The United Kingdom has become the first country to leave the European Union (EU) and in that process, has plunged the world into an era of increased uncertainty. The result of the referendum held on Thursday to determine whether the UK will remain or exit the EU has stunned the world which, despite adverse opinion polls, steadfastly believed that the people of the UK may go up to the brink but would not take the plunge (by exiting the EU). Now that they have, the global economy has plunged into turmoil. The pound sterling has crashed by ten percent, the highest fall in its trading history and its lowest level since September 1985. The rupee too has depreciated (thankfully as much as other major currencies) and stock markets across the world have crashed. FTSE is down by 500 points while the Sensex is trading lower by more than 1000 points. Gold has jumped by 7 percent as it is seen as the most stable asset in these uncertain times.

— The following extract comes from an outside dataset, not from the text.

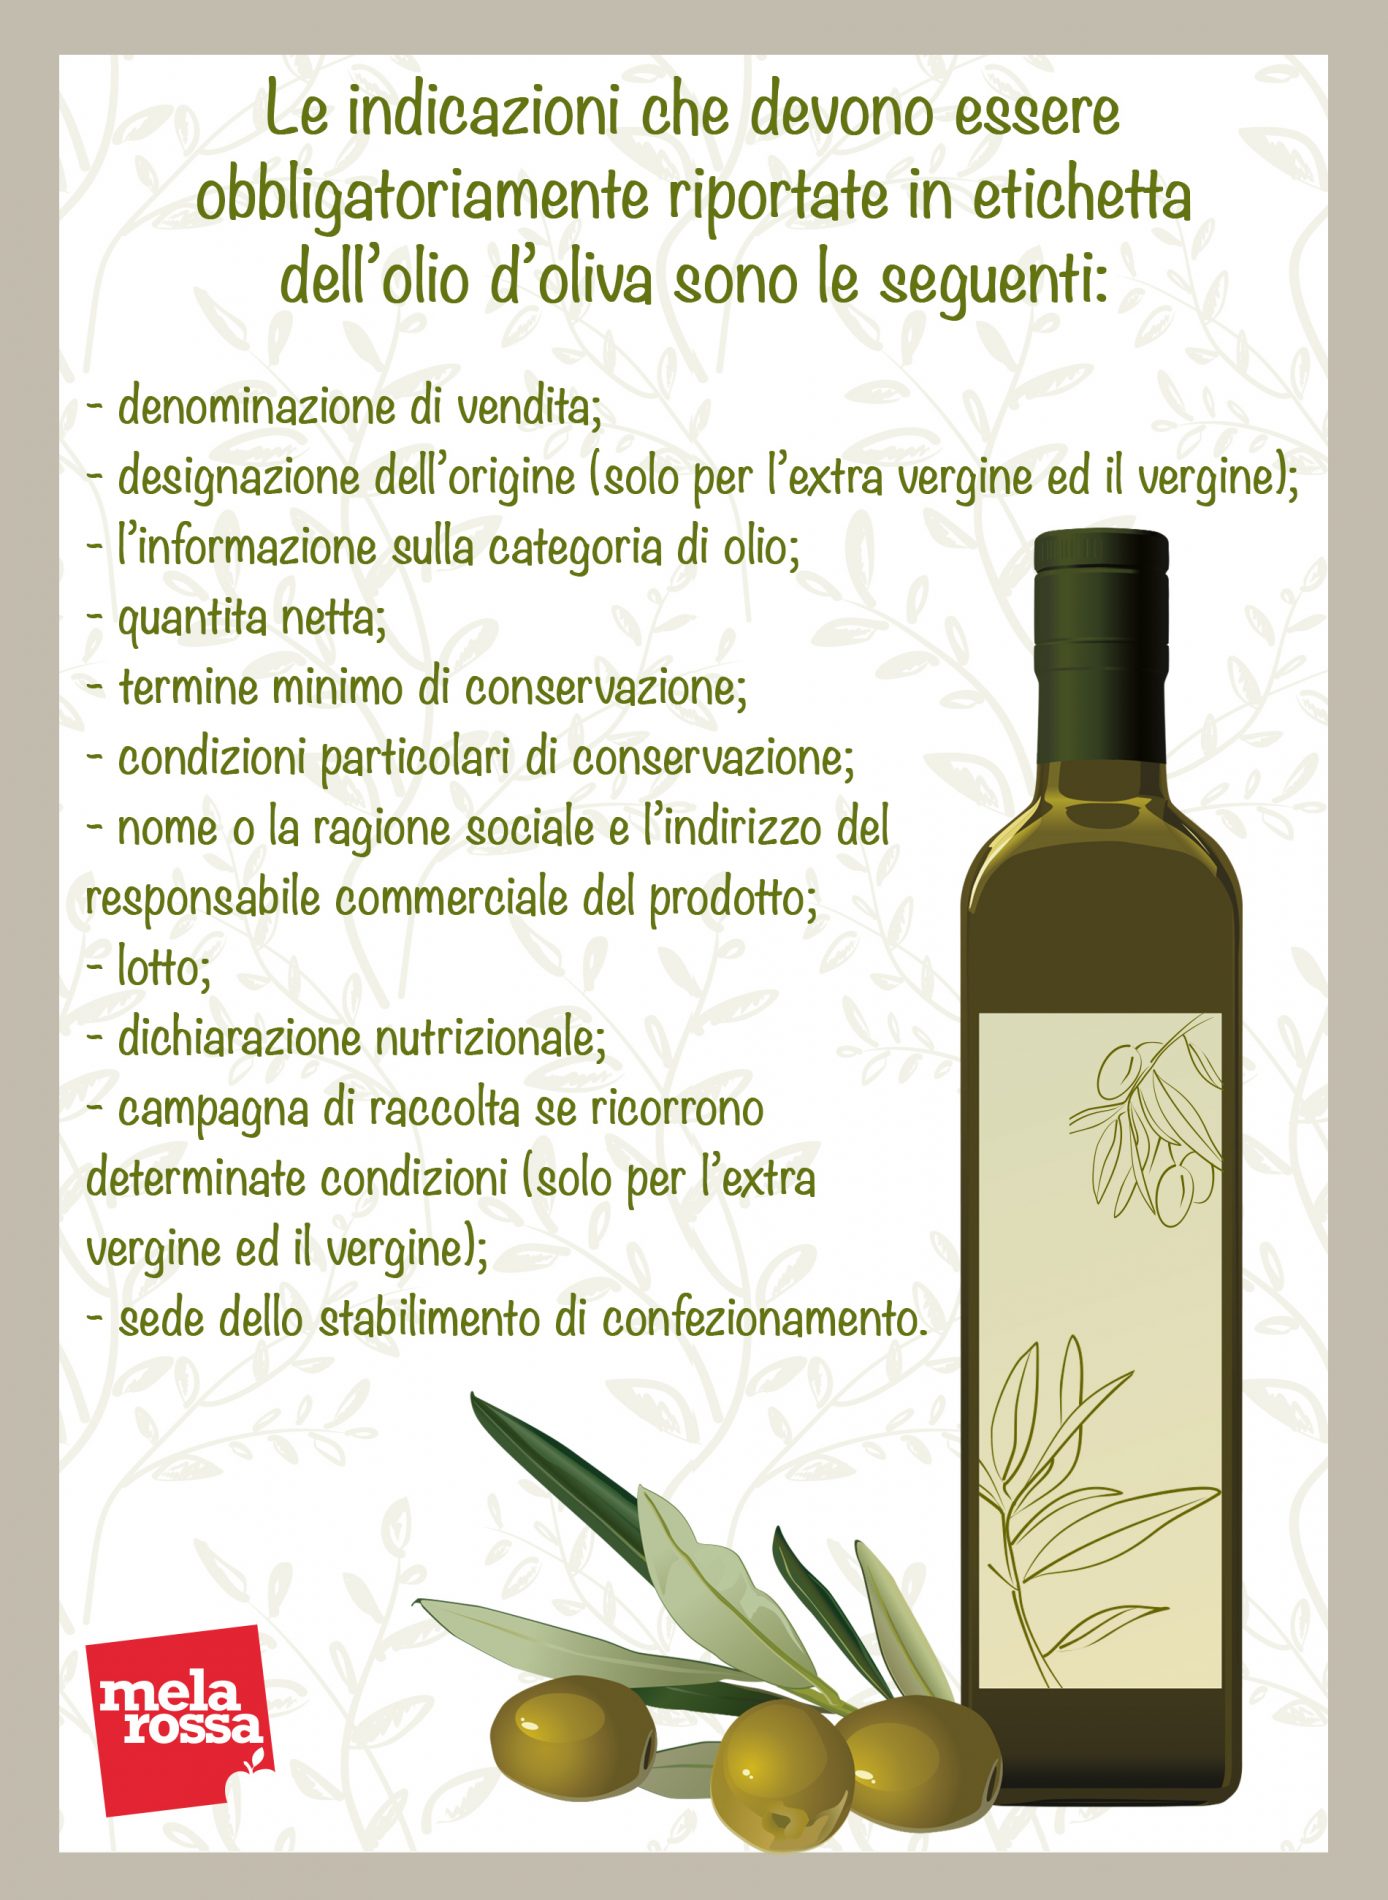 olio d'oliva: etichettatura

“It is certainly a shock,” said Reserve Bank of India (RBI) Governor Raghuram Rajan while speaking to news channels. “Opinion polls did not reflect the real intent of the people.” He said the RBI is prepared for any eventuality and will intervene if the rupee depreciates lower than other currencies.
The Indian government too moved quickly to calm the markets. Jayant Sinha, minister of state for finance, said that the finance ministry has put in contingency plans in place to deal with this development. He assured that there will be enough liquidity in the system. “The market is adjusting to a different set of expectations… As long as the reaction is orderly, the markets should be allowed to adjust,” he said. “We do not want systemic issues.” In the long term, he said trading arrangements have to be put in place and predicted turbulent times ahead.
He also pointed out capital flows where there is stability, growth and quality of political leadership. India, he said, is an ideal place for investment today. He also said that this was the right time for India to pass the GST law and tell the world that India means business. “We are hopeful,” he added about passing the GST law in the forthcoming monsoon session of Parliament.
What has riled the world is the uncertainty that the world has been thrown into. What will happen to the value of pound sterling now? The UK, as Rajan pointed out, has a large current account deficit. How will that impact other currencies? Will this be the beginning of the end of the EU? Will more companies now exit the grouping? Will it bring to an end the post-war world order that was based on free movement of goods and people? In a way, people of the UK have taken a leap into the dark.
Indian companies which have invested a lot in the UK should be worried. Over 800-plus Indian firms have invested $2.75 billion into Britain in the last few years. The Tata Motors stock has taken a beating as the Brexit could make its Jaguar and Land Rover cars manufactured in the UK less competitive in mainland Europe. Tata Steel may now find it even more difficult to find a buyer for its steel assets in the UK. Its shares have also fallen. Same is the case with other companies such as Motherson Sumi and Bharat Forge.
In terms of overall trade with Britain, experts do not expect a major impact. Today the bilateral trade is $14.02 billion (Exports $8.83 billion and the remaining imports). A new bilateral deal needs to be put in place and considering the historic relations between the two countries, the trade is unlikely to decline. Some even say that in the absence of restrictive EU clauses, trade may well increase.
The exit vote has thrown up a much larger question. Are the governments in developed nations such as the UK or even the US doing enough to bridge the widening income disparity? The UK vote to leave the EU basically stemmed from the fear of immigrants and the likely worsening of the already-bad income inequality levels. The issue of income equality is today a larger question that even governments in developed world ponder over.